(REQUIRED ACTION): Reproduce exactly the lines below, starting with the line that contains "global funding by month through may 2022" and ending with the last line of the records, both included, and nothing else.
-=-=-
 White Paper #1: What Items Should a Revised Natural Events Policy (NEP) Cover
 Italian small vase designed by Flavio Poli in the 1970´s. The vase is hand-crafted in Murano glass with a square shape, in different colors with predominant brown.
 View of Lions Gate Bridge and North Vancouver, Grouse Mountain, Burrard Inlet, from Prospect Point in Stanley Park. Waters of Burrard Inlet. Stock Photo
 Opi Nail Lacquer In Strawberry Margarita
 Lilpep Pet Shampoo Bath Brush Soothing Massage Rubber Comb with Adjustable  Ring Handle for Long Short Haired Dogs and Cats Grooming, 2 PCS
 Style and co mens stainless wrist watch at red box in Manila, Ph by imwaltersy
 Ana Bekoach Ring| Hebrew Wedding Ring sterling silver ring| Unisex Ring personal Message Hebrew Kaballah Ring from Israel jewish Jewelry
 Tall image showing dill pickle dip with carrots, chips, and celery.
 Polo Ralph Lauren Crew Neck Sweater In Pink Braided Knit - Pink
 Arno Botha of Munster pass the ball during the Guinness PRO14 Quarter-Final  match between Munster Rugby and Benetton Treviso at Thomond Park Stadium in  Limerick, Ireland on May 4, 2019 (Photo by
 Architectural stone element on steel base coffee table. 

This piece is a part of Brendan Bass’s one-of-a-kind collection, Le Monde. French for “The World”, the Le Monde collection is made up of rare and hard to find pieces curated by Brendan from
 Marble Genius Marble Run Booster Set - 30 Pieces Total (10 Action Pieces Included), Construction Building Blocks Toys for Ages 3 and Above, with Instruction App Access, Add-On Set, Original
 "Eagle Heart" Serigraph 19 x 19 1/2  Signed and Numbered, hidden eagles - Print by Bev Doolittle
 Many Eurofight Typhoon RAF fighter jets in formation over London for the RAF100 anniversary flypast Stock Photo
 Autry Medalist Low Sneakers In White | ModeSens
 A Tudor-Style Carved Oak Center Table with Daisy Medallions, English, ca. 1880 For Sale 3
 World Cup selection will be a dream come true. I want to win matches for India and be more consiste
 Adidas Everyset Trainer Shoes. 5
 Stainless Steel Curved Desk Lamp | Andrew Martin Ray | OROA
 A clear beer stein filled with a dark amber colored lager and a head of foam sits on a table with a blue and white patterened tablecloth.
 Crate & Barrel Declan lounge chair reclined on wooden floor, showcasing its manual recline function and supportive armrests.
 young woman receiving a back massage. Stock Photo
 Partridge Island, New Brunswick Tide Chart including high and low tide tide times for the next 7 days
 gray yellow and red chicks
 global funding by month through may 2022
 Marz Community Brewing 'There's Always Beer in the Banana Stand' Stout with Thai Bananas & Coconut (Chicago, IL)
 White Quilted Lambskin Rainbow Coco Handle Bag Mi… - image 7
-=-=-
(RESPONSE TO THE EXERCISE):
 global funding by month through may 2022
 Marz Community Brewing 'There's Always Beer in the Banana Stand' Stout with Thai Bananas & Coconut (Chicago, IL)
 White Quilted Lambskin Rainbow Coco Handle Bag Mi… - image 7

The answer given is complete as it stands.